If the glucose level is low or normal-low before any physical activity, it is recommended to have a snack and to carry lumps of sugar when exercising. If the physical activity is planned to last for more than 3 hours, the dose of slow insulin should be adjusted accordingly.

  • How to treat hypoglycemia as per its severity?
-If your blood sugar < 0.72 g / l: Have 15 g of glucose = 4 lumps of sugar = 2 teaspoons of honey = 2 tablespoons of syrup = 1.75 dl of sweet drink (fruit juice or soda * or Lemonade *, etc.)
– If your hypoglycemia < <0.45 g / l and you are conscious: have 30 g of sugar = 8 lumps of sugar = 4 teaspoons of honey = 4 tablespoons of syrup = 3.5 dl of sweet drink (fruit juice or soda * or lemonade *, etc.)
– Repeat capillary blood glucose 20 to 30 minutes following carbohydrate intake – If blood glucose < < 0.72 g / l , have 15–30 g of carbohydrate
– if your relative has hypoglycemia with altered state of consciousness / coma, inject him with glucagon in IM and give him > 30 g of sugar once you regain consciousness (call for help and consult urgently)

* Not light or zero.

  • Ketoacidosis : : It consists of a build-up of toxic substances called ketones that make the blood too acidic.

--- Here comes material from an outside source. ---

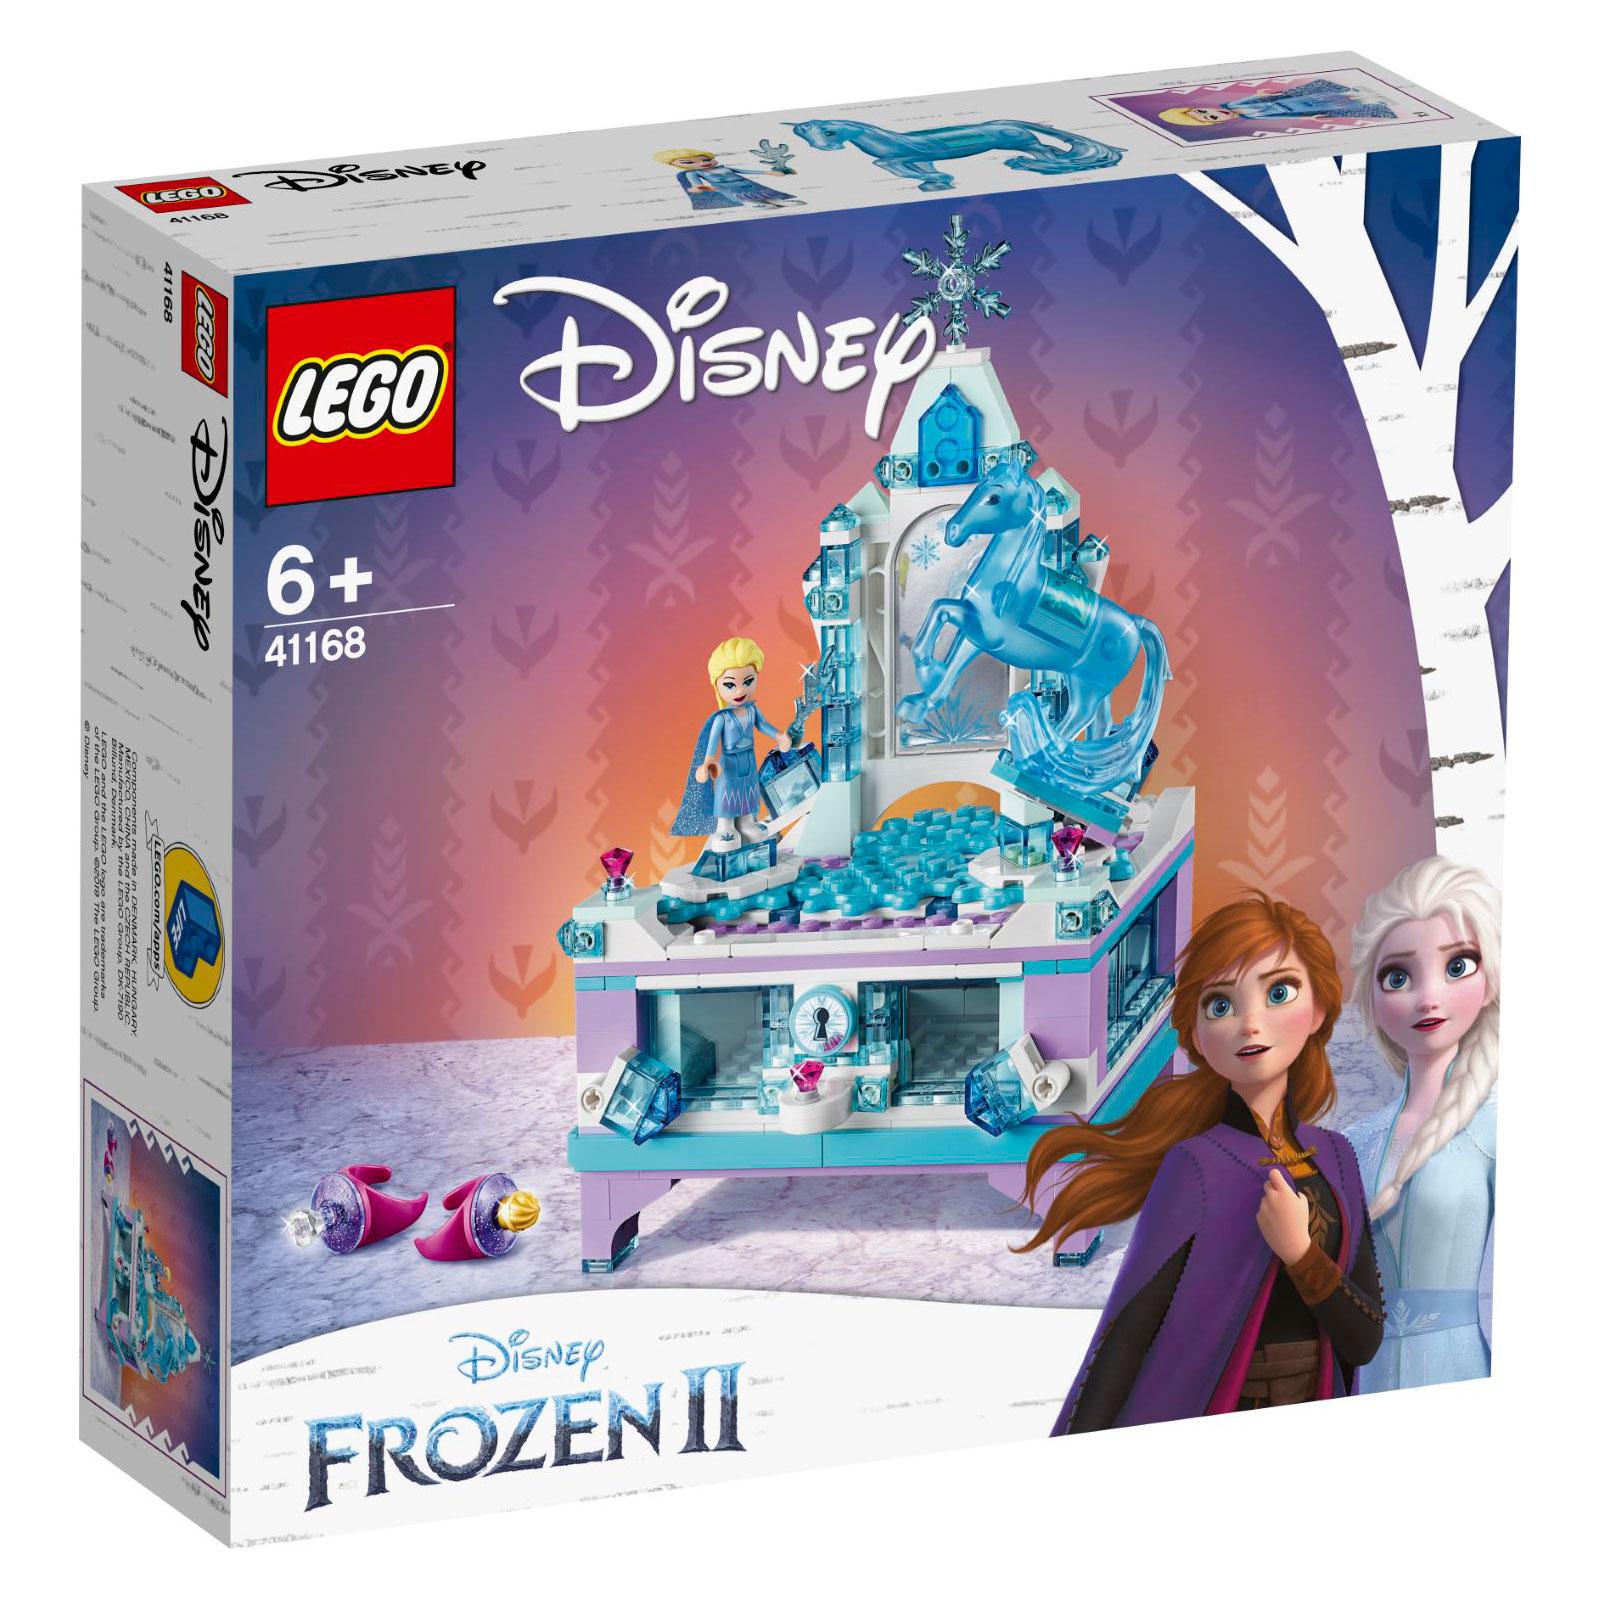 LEGO Elsa

A ketone bodies increase in the blood level is easily treated if early detected and treated without delay; however, if left unchecked, the person may eventually fall into a coma and die.

Diabetic ketoacidosis often leads to type 1 diabetes diagnosis. It may also occur in people with already known type 1 diabetes when they forget to take their dose of insulin, contract an infection or experience trauma or injury.

Since cells cannot use glucose due to a lack of insulin, the body breaks down fat for energy, which releases ketones (toxic substances). Ketones build up in the blood, making it more acidic.

The default is insulin which allows sugar to be transported inside cells for energy; cells will look for other sources of energy. During this time, glucose builds up in the bloodstream and when diabetic ketoacidosis is seen, the level of sugar in the blood (blood sugar) is often very high, over 2.52 g / L, while the insulin concentration is very low.

  • Microvascular complications:

Chronic hyperglycemia in diabetics progressively damages the small blood vessels and nerves in the kidneys and eyes, causing respectively eyes, neural and kidney disorders. The vessels get clogged, and if some parts of the body are nor sufficiently irrigated, they may die. L’excès permanent de sucre dans le sang engendre donc des complications telles la cécité, une insuffisance rénale, une neuropathie (atteinte des nerfs) des jambes pouvant provoquer des “maux perforants plantaires” ou encore des atteintes des nerfs commandant le sexe.